Game library/features
If we translate this category into espresso features, the Airscape has a narrower but more essential feature set: airtight storage, air displacement, and a large 1.1 kg capacity. It does one job very well. The Normcore has more brewing-specific features: bottomless design, included filter basket, and compatibility with Breville/Sage Dual Boiler models BES900XL, BES920XL, BES980XL, and BES990BSS. That compatibility is a major plus for owners of those machines, and the bottomless design is excellent for learning puck prep. However, features only matter if they solve the right problem. Freshness preservation affects every cup; bottomless diagnostics mainly help when you are actively refining your espresso routine.
Overall user experience
The Airscape is the easier product to live with day to day. It reduces fuss, preserves flavour, and fits naturally into a routine where beans are bought in larger quantities. For someone with a good grinder and a machine with a PID and stable pressure, this can be the missing piece that keeps shots tasting bright and consistent all week. The Normcore is more exciting for enthusiasts because it makes the brewing process more transparent and rewarding, especially on a Sage Dual Boiler where you can really use the feedback to improve. But it is also more demanding: if your grind is off, it will show you immediately, and if your beans are not fresh, it cannot rescue them.
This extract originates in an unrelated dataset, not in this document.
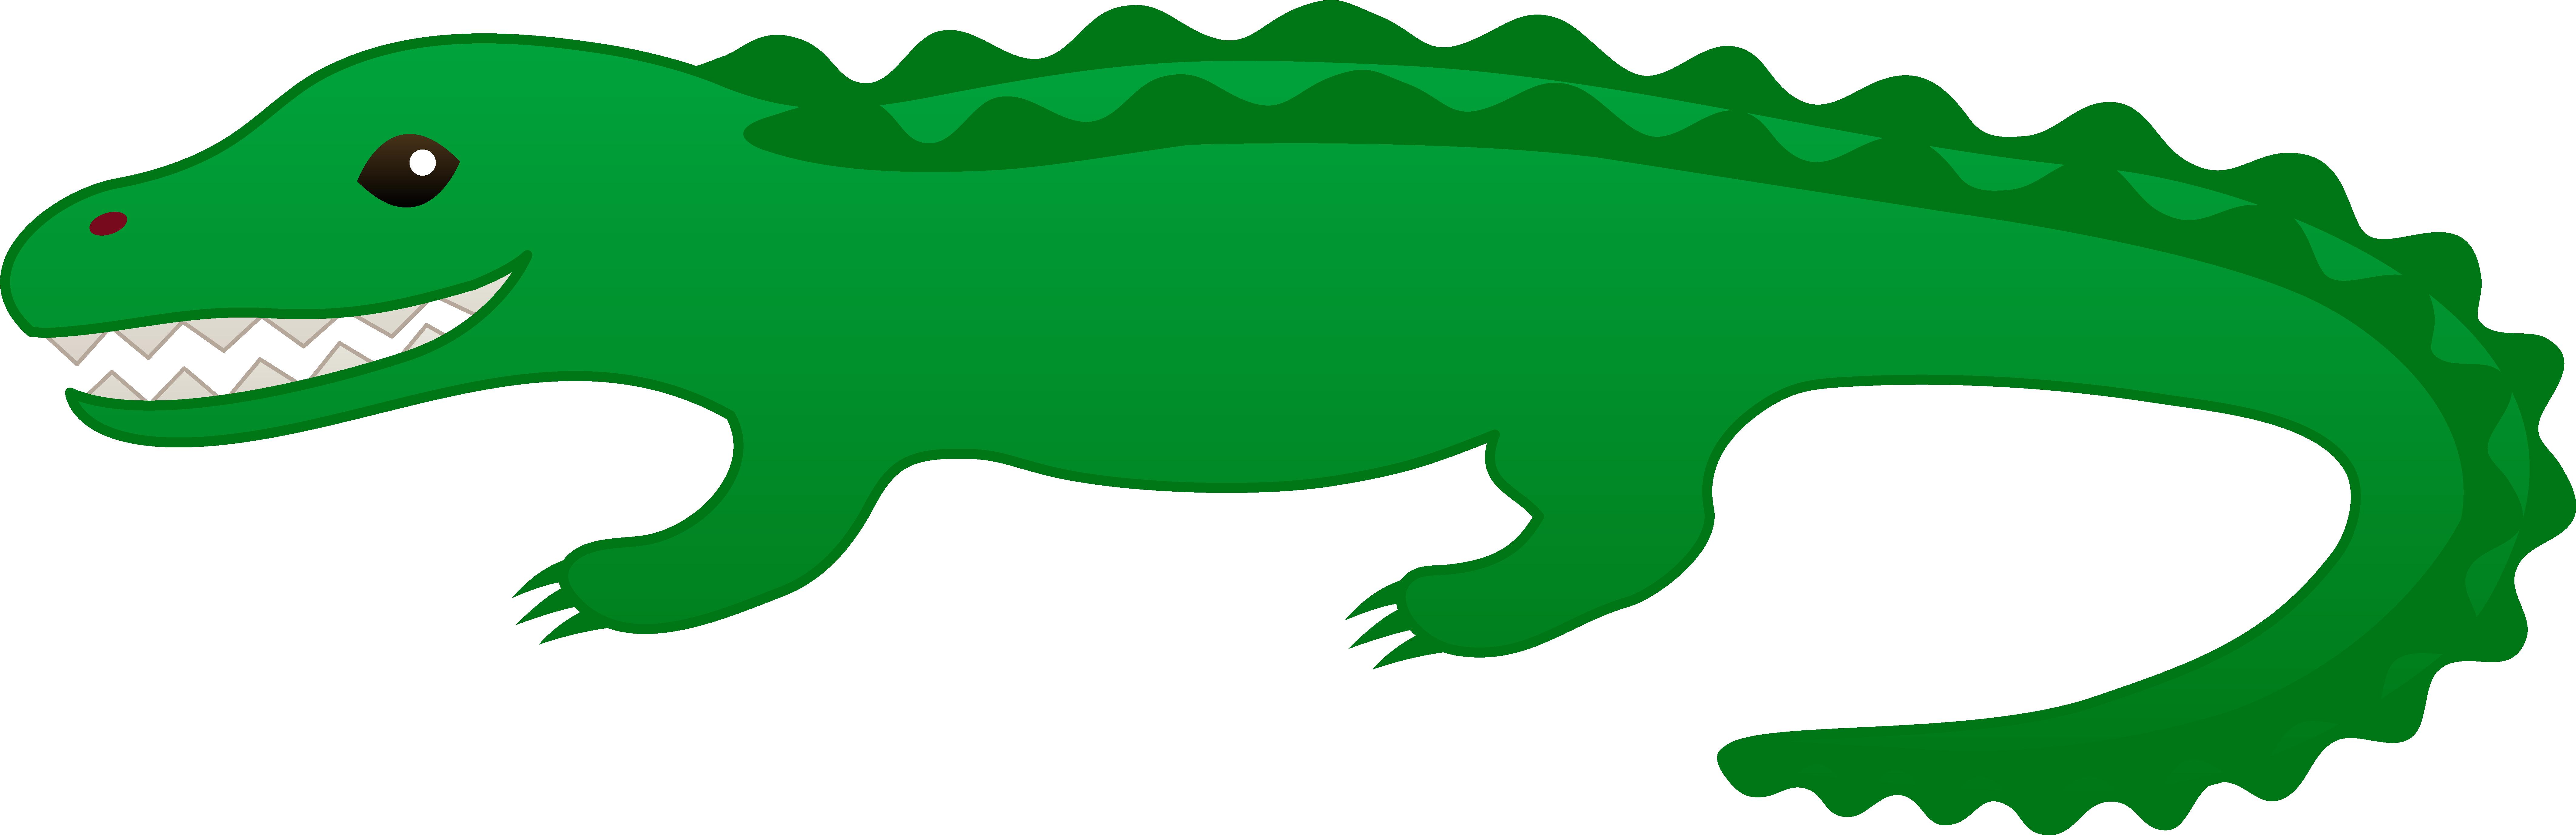 8491x2753 Cute Green Alligator Clip Art Free
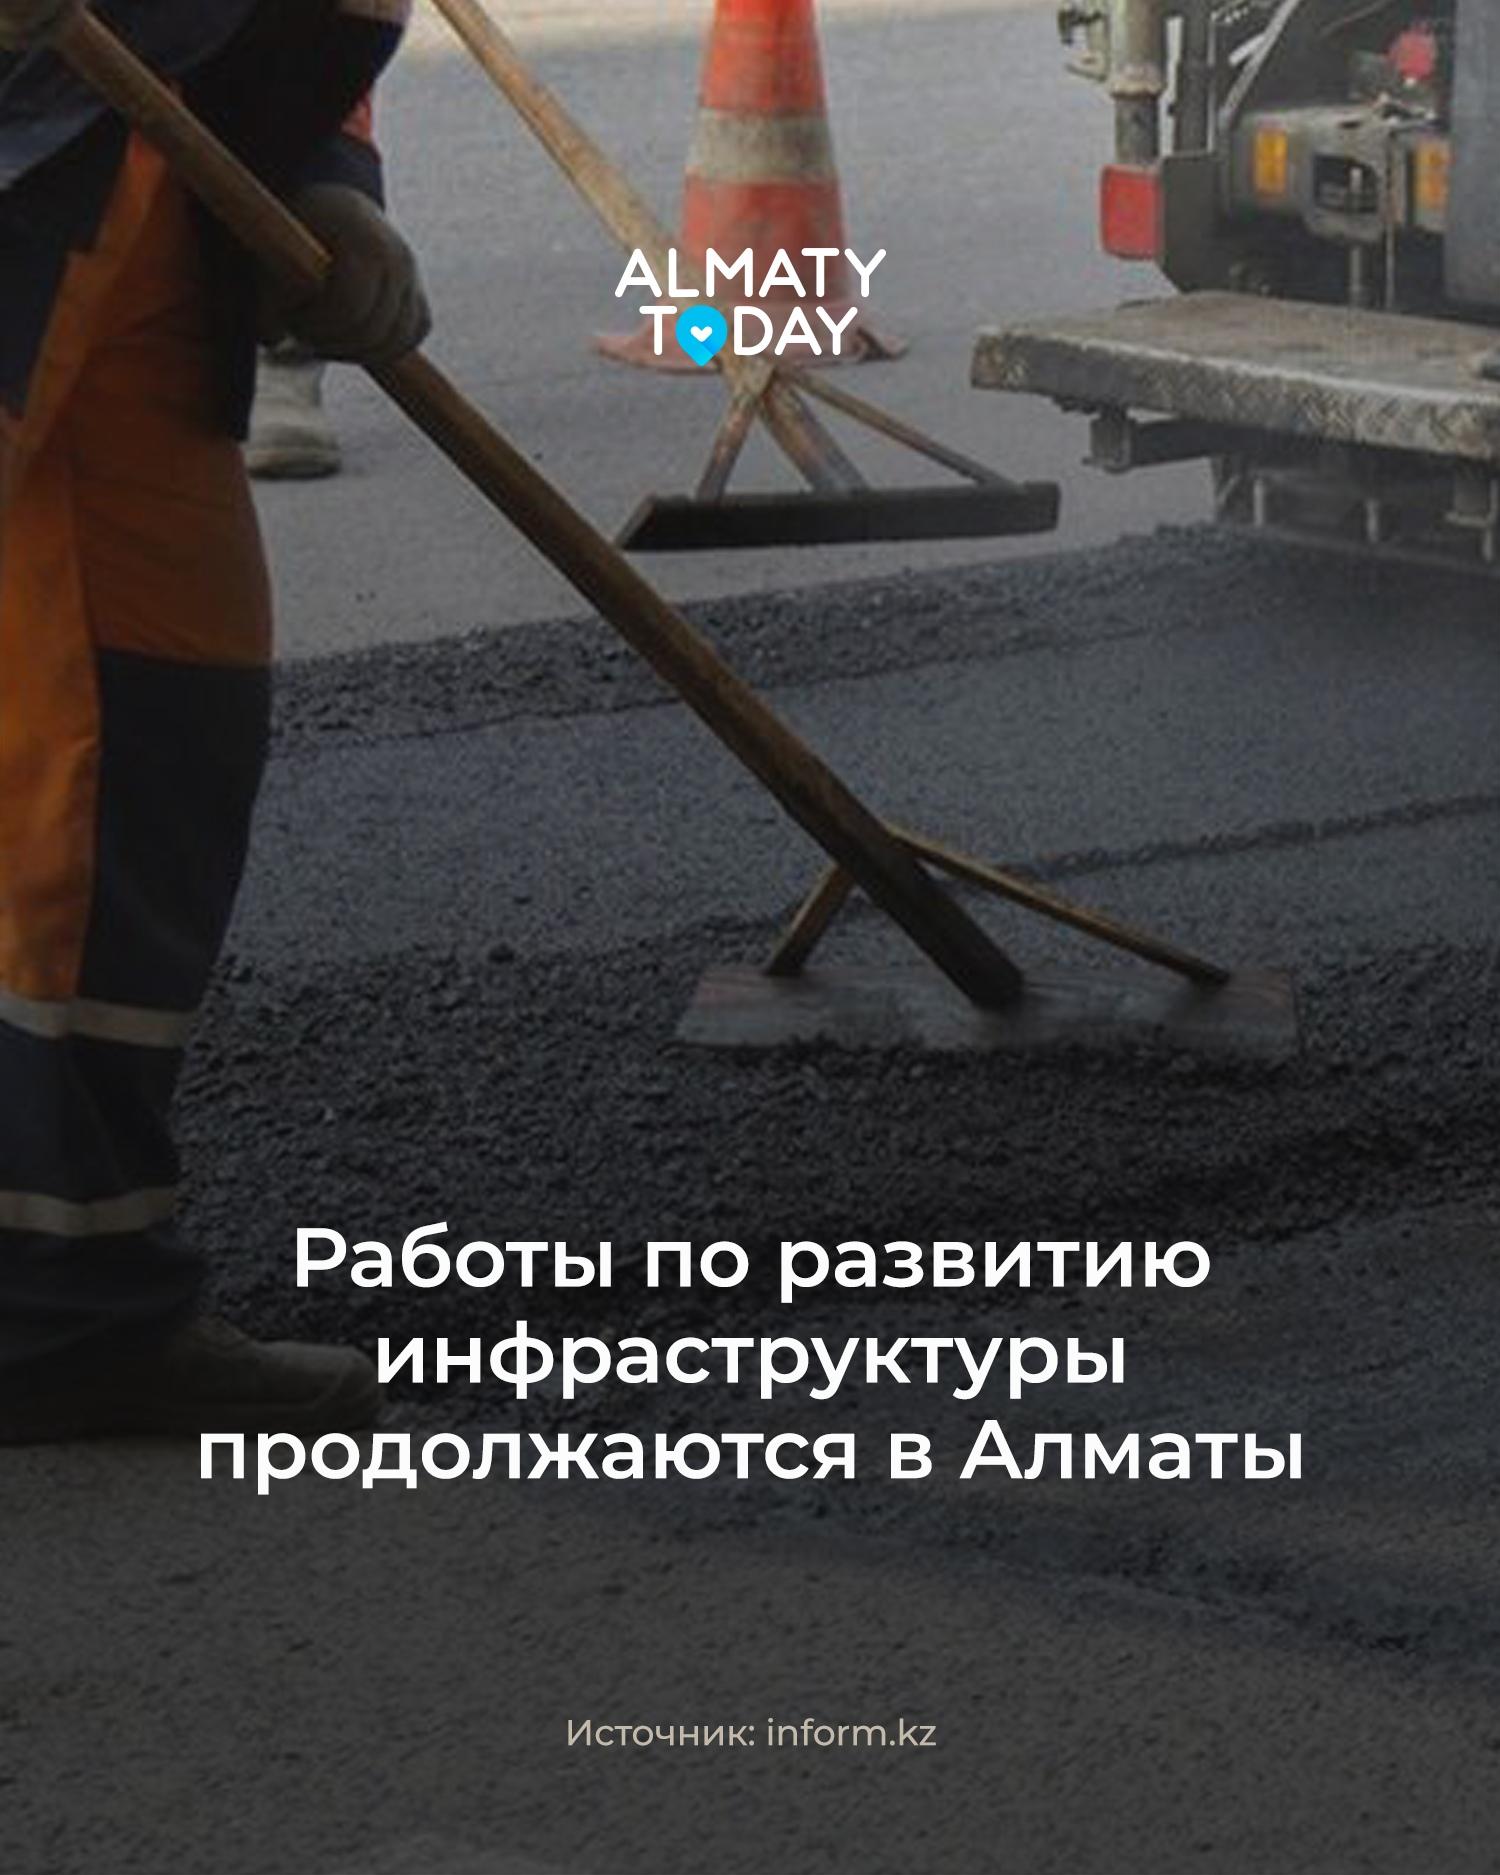 В ходе онлайн-встречи аким города Алматы Бакытжан Сагинтаев рассказал, как будет развиваться инфраструктура.

Overall, the Airscape is the better buy for most people because freshness is the foundation of great espresso, while the Normcore is the better buy for users already confident in storage and looking to level up extraction. If you want the single purchase with the widest impact on cup quality, choose the Airscape. If you already have freshness covered and want to improve your shots at the machine, choose the Normcore.
Buy the Airscape Coffee Storage if...
Buy Product A if you buy beans in larger bags, roast at home, or want the biggest flavour improvement for the least hassle. It is also the better choice if your current storage is just a bag clip or a generic jar, because the Airscape’s air-pushing lid will do more to protect aroma and crema. If you want a tidy countertop solution that simply keeps coffee tasting fresher for longer, this is the one.
Buy the Normcore 58mm Bottomless if...
Buy Product B if you already have beans stored properly and your real goal is to improve extraction on a Sage Dual Boiler. It is the stronger pick if you want to diagnose channeling, improve puck prep, and see exactly what your grinder and technique are doing. If you are chasing better shots rather than better storage, the bottomless portafilter is the more hands-on espresso upgrade.